City Court of New Rochelle
Dec 15, 1948
194 Misc. 13 (N.Y. City Ct. 1948)

Opinion

December 15, 1948.

Seacord, Ritchie Young for plaintiff.

Handelman Ives for defendant.


In this action brought against a defendant husband for alleged necessaries furnished his wife, the plaintiff has entered judgment by default. The defendant moves to vacate the judgment claiming that an answer properly verified was served in due time. A purported verified answer was served in due time, but was returned by the attorneys for the plaintiff to the attorneys for the defendant with notice "that the plaintiff elects to treat your answer herein, which is hereto annexed, as a nullity on the ground that it is not verified."

The plaintiff opposes the motion, contending that its notice of rejection was proper in form and timely and justified and further urges that if this be so, then the motion to open the default is addressed to the court's discretion and is ineffective for want of a proposed pleading or an affidavit of merits.

The fact is that an answer was signed by the defendant and a notary undertook to sign what was intended to be a verification, but his signature was placed so out of contact with the signature as to make it appear that the answer is improperly verified.

Unquestionably, had the defendant been sufficiently scrupulous in examining his papers before service, this situation of a default judgment and a motion to open would not have arisen. The plaintiff was entitled to an answer properly verified. The attempted verification is clearly irregular. However, when the plaintiff determined to be so insistent on correctness of form, he, in turn, had to meet the same test. His form of rejection of the tendered answer itself failed to meet the statutory requirements. "It is well settled that a notice accompanying an answer returned for improper verification or lack of verification must state the defects relied upon specifically, and that a general statement is not enough. This is so because the party whose pleading is returned is entitled to a reasonable opportunity after notice and return to cure the defect or supply the omission. Where an insufficient notice is given the situation is exactly as if the pleading had not been returned at all." ( Westchester Life, Inc., v. Westchester Magazine Co., N YL.J., March 22, 1948, p. 1046, col. 7; see, also, Treen Motors Corp. v. Van Pelt, 106 Misc. 357, 361.)

It has long since been held that the omission of a venue or the statement of an improper venue in an affidavit does not invalidate the oath or render the affidavit a nullity when it is shown by proof aliunde that it was duly administered by a proper officer within the jurisdiction. ( Fisher v. Bloomberg, 74 A.D. 368.) And, where an affidavit was actually sworn to before the proper officer, but the officer administering the oath failed to certify the affidavit or to sign his name thereto, such omission does not render the affidavit fatally defective, but it may be corrected nunc pro tunc. (1 Carmody on New York Pleading and Practice, § 282, citing Sage v. Stafford, 42 A.D. 449; Fawcett v. Vary, 59 N.Y. 597.)
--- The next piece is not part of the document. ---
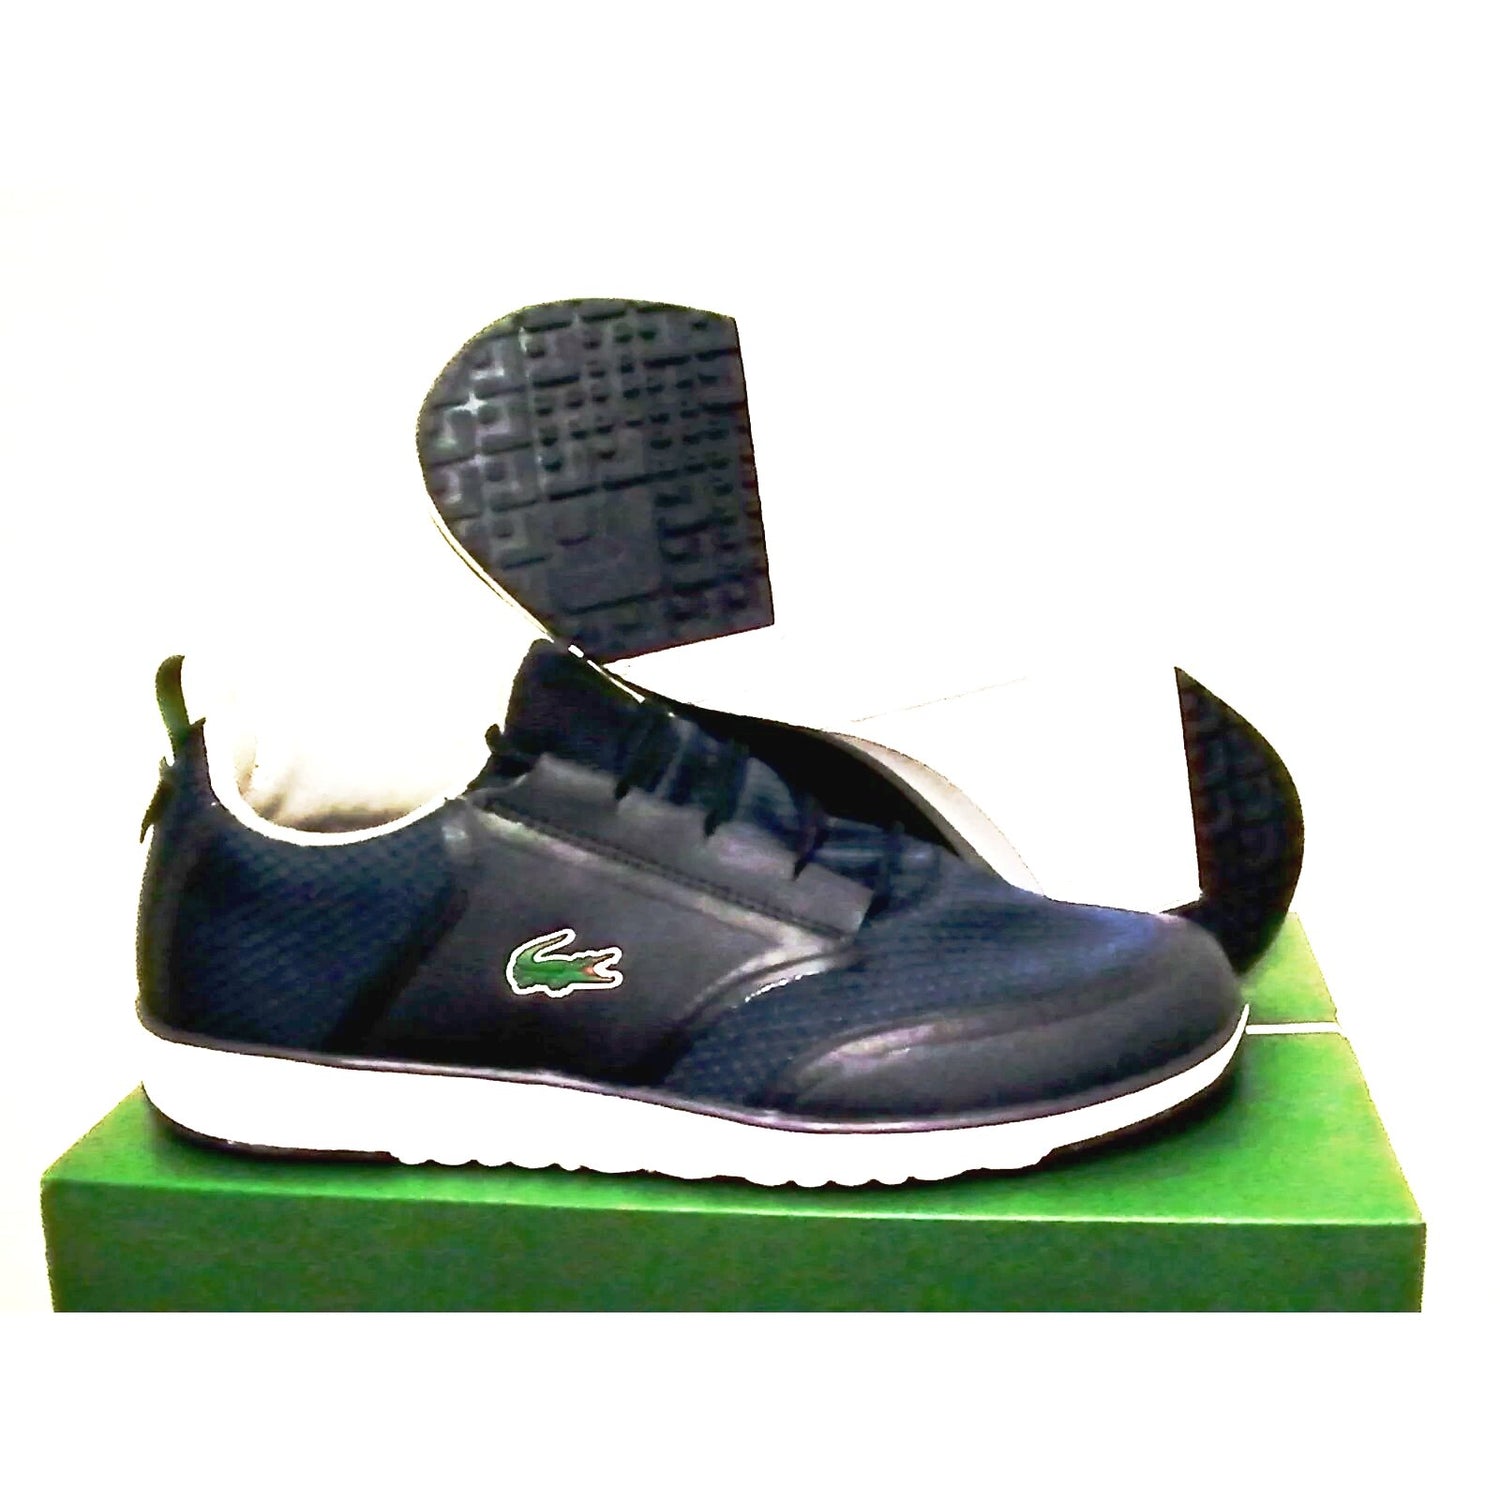 Lacoste shoes L.IGHT LT12 spm txt/syn dark blue training size 8 new with box

In any event, the advent of the Civil Practice Act was intended to and does do away with these technical problems that have no relation to the merits of the litigation, and, in this court's judgment, any irregularity that exists in the defendant's answer as served may be disregarded under section 105 of the Civil Practice Act. (Also, see People ex rel. Fifth Ave. 37th St. Corp. v. Miller, 261 A.D. 550.)

Arriving at this conclusion, as the court must, the defendant's motion is one made as a matter of right, because no default in fact results, and therefore there is no occasion for an affidavit of merits.

The language contained in the moving papers seeking to characterize the conduct of the plaintiff's attorney in entering a default judgment is found by this court to be completely unjustified, and it would be far better had counsel used more restraint in the preparation of the application, and this court orders it stricken from the affidavit.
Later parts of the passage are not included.